Hands Like Glass – With Unveiled Faces

  • Cole Faulkner posted
  • Reviews

Hands Like Glass

With Unveiled Faces - Authentik Artists Inc.

I know it’s bad form to make broad and sweeping statements, but I feel strongly enough about this one to say it anyway: guttural hardcore and dance pumping synth should stay far, far away from one another.  Even with the intent of juxtaposing opposing styles for the sake of contrast, the result is lost on me.  I recently had the displeasure of reviewing one that even threw a vocoder into the mix (Abandon All Ships).  What a disaster.  With that briefing, it should come as little surprise that I simply couldn’t stand stomaching Los Angeles trance screamers Hands Like Glass.

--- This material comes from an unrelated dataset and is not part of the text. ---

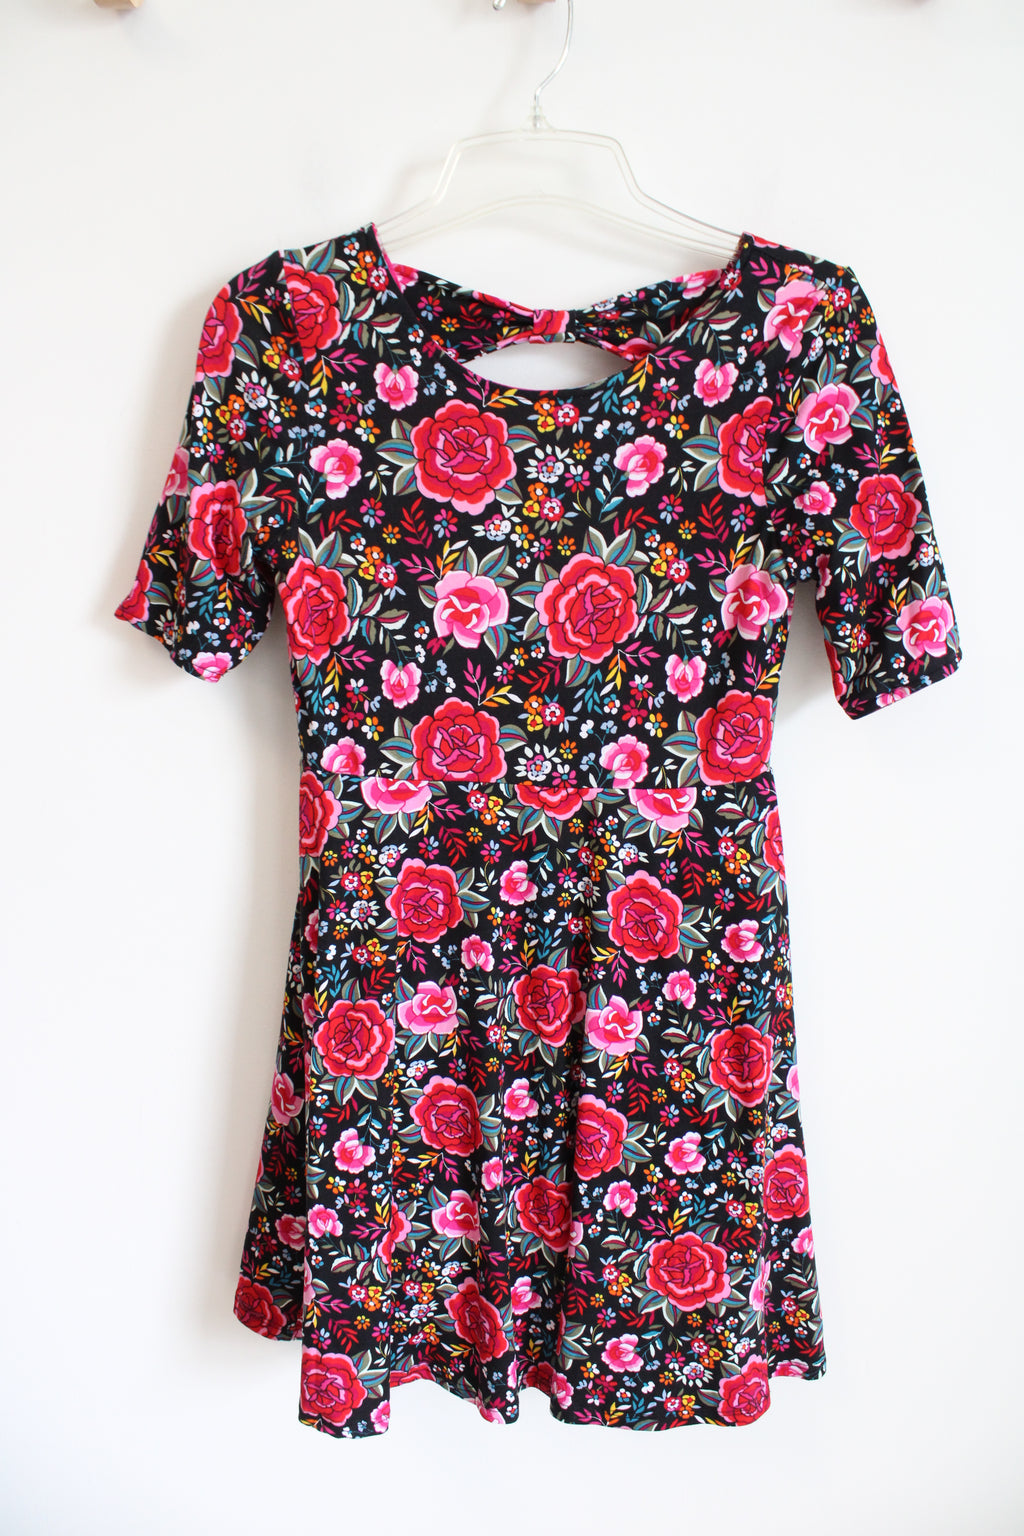 Emily West Black Floral/ Pink Unicorn Patterned Reversible Dress | 14
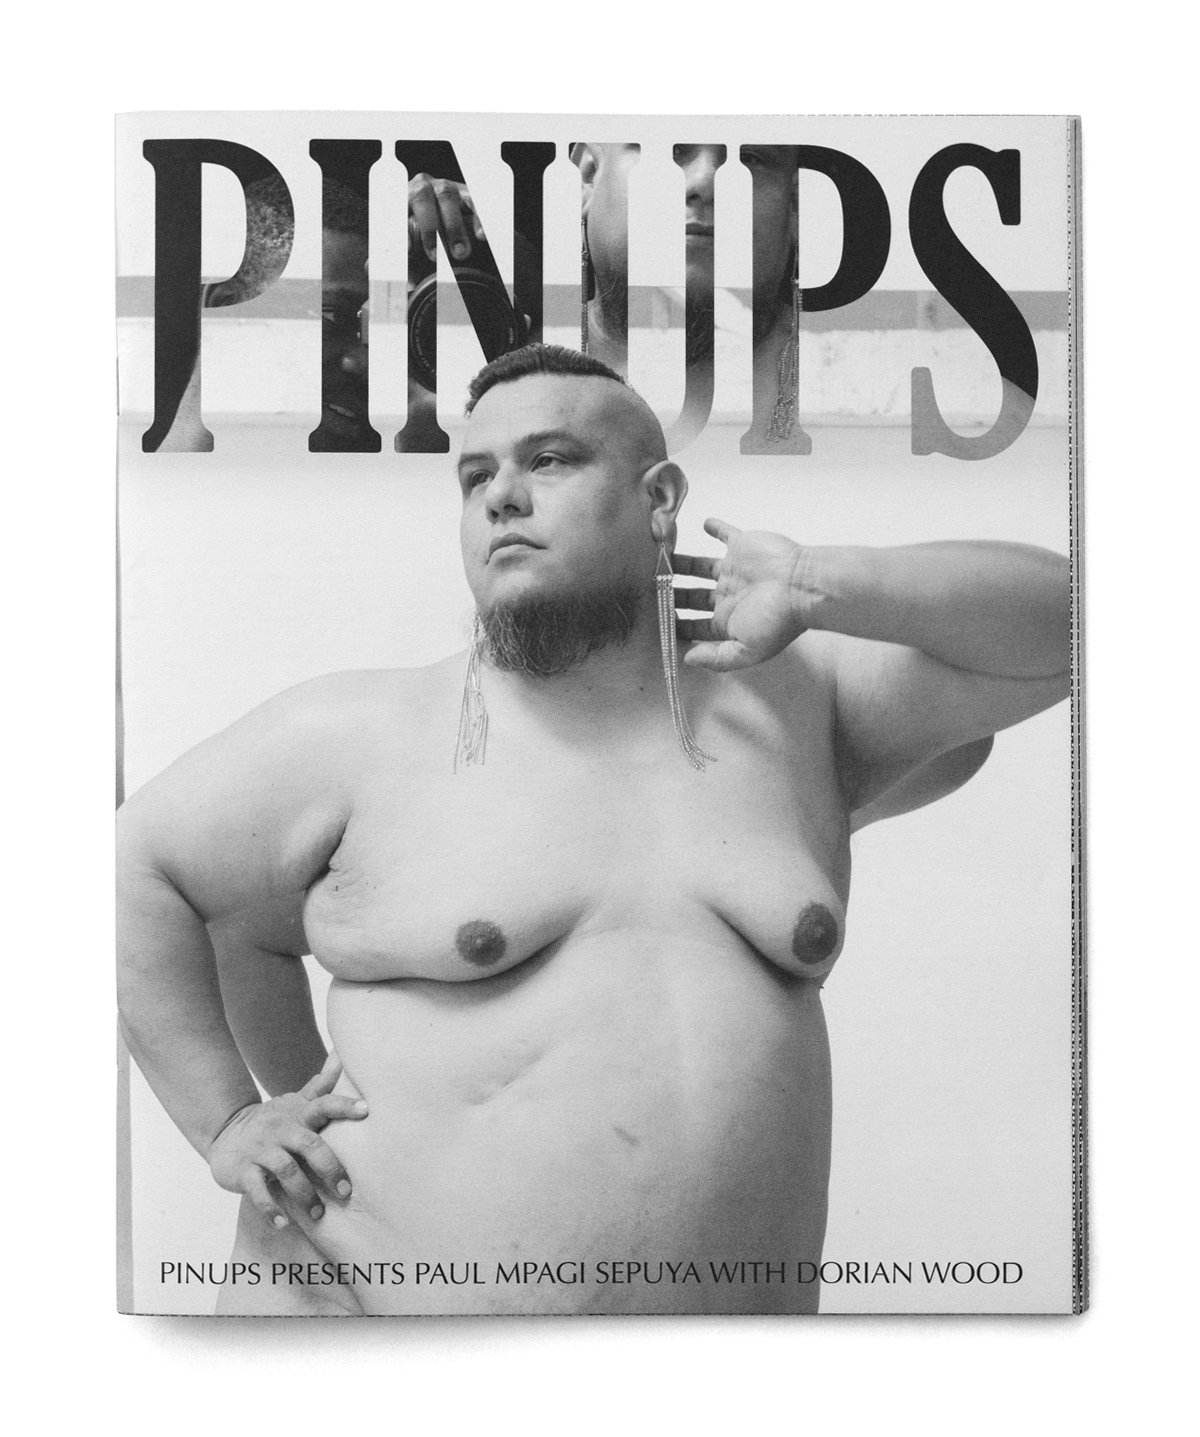 Image of Pinups Presents Paul Mpagi Sepuya with Dorian Wood

For their debut EP, With Unveiled Faces, the sizeable quintet does little more than set out to sound like a regrettable crossover of glossy alternative acts like Saosin meets the toothless bark of forgettable hardcore as per Awaken Demons or It Dies Today.  Vocalist Justin Kyle’s clean semi-whine pierces any concentration to the point of nausea, exhausting and overusing any sense of ability through unmanageable repetition.  Then Kyle turns to the hardcore styling of deep, gargled, guttural rage, belted alongside the intermittent thumping of stock power drumming and breakdowns so generic I’m at a loss for how to describe them.  The inclusion of synth overlays was likely employed to give a sense of urgency and bring a crowd to its feet – for me, it simply exhausts my concentration and patience.

In terms of memorability, despite some clear changes in the hardcore/synth focus of separate tracks, every song still bleeds into the next, making monotony, not music.  In fact, despite spinning the EP upwards of a dozen times, the only track I can remember is “Mariposa” – but only because of the shear choral repetition.

If by chance I run across a song from the album while shuffling my iPod in the coming months, I doubt I’ll have any recollection of my time with Hands Like Glass.  With nothing remarkable to latch onto and call their own, I don’t see much of an opportunity for future growth – other than choosing and milking another exhasted trend.